The PXRD analysis revealed the crystal structure and phase purity of the samples. The characteristic peaks of the synthesized FeCo cluster’s PXRD pattern matched well with the simulated one (Supplementary Figure S1C) (Sanchez-Lievanos et al., 2020). The bi-MIL-88B exhibited highly crystalline phase purity with distinctive peaks at 9.3°, 10.2°, and 11.6° related to 002, 100, and 101 planes also found in the simulated MIL-88B MOF (Figure 1F) (Horcajada et al., 2008). The porous makeup of the bi-MIL-88B nanocarriers was studied by N2 adsorption-desorption analysis at 77K (Supplementary Figure S4A). The BET-specific surface area of the bi-MIL-88B was 86 m2/g with an average pore diameter and volume of 1.9 nm and 0.21 cc/g (Supplementary Figure S4B). The lower surface area of the nanocarriers could be due to shrinkage of the structure upon solvent removal during thermal activation (Ma et al., 2013). The bi-MIL-88B MOFs have a flexible structure and tend to shrink/expand on the removal/addition of the guest molecules, known as a reversible breathing effect (Cao et al., 2022).

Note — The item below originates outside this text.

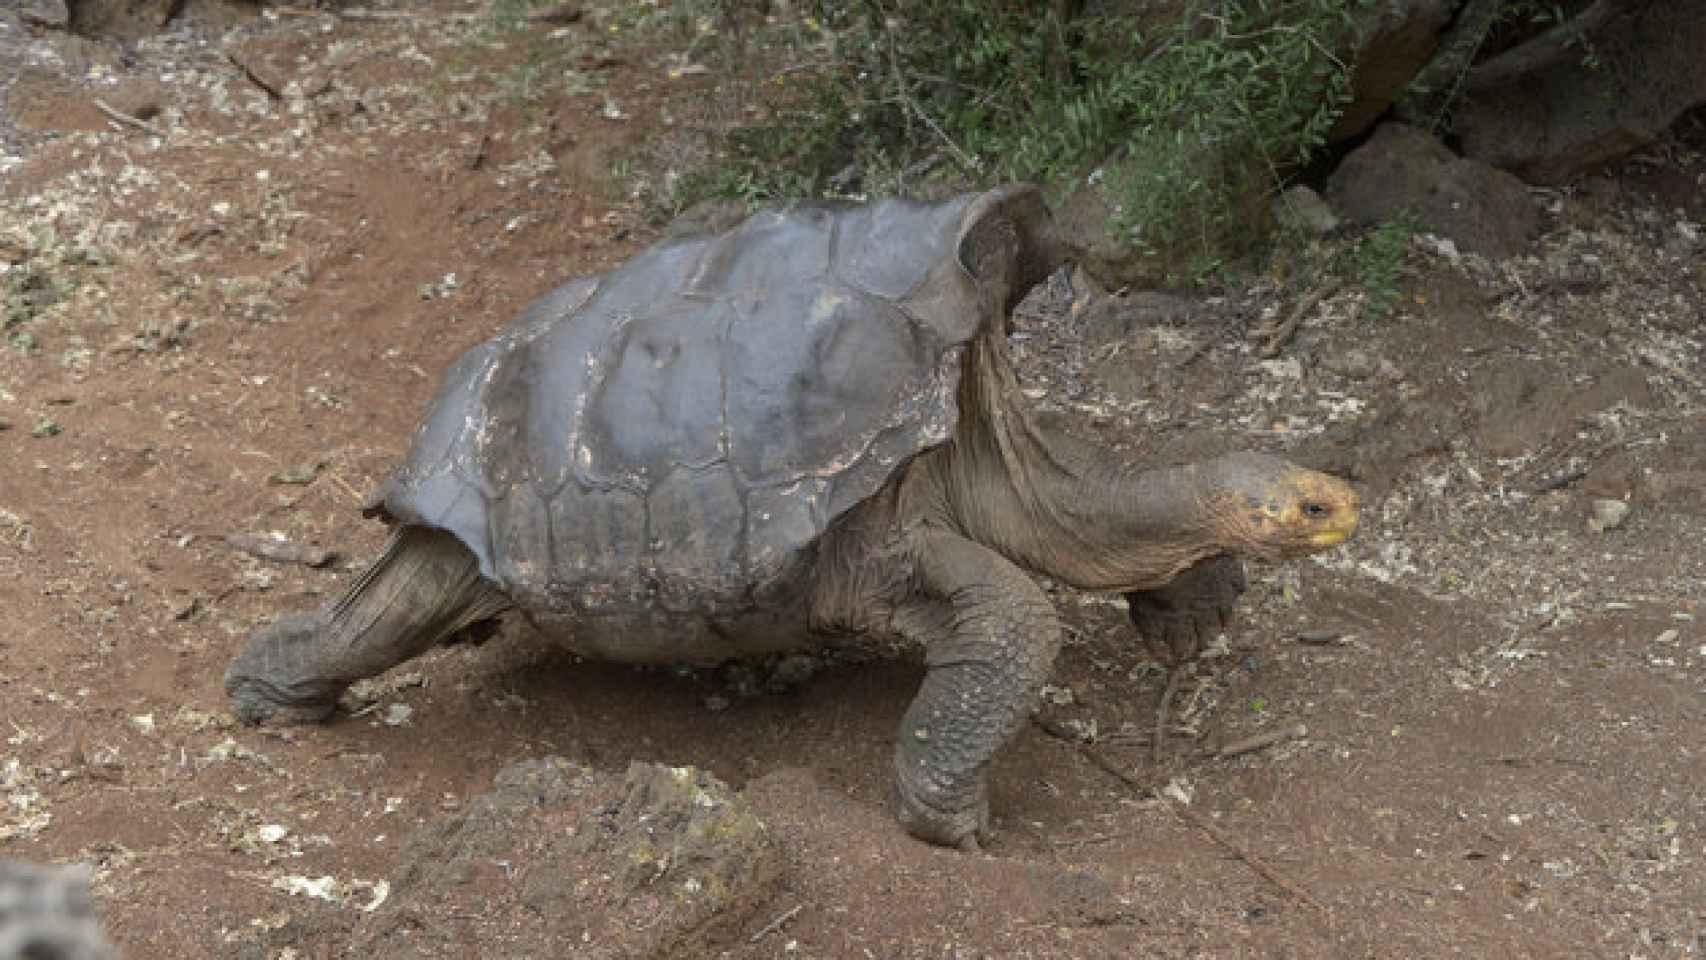 La tortuga Diego

3.2 Fabrication of 5-FU@bi-MIL-88B-FC
SEM analysis was used to study the morphological changes after the drug impregnation and subsequent FC coating. As shown in Figure 2, bi-MIL-88B, 5-FU@bi-MIL-88B, and 5-FU@bi-MIL-88B-FC, the drug-loaded and FC-coated nanocarriers exhibited similar morphology to the unmodified MOFs. However, 5-FU@bi-MIL-88B reflects some swelling crystals due to the drug impregnation and reversible expansion. After FC coating, 5-FU@bi-MIL-88B-FC showed less aggregation than 5-FU@bi-MIL-88B, which aggregated upon drug impregnation (Figure 2).
FIGURE 2. SEM images of bi-MIL-88B (A, B); 5-FU@bi-MIL-88B (C, D); and 5-FU@bi-MIL-88B-FC (E, F).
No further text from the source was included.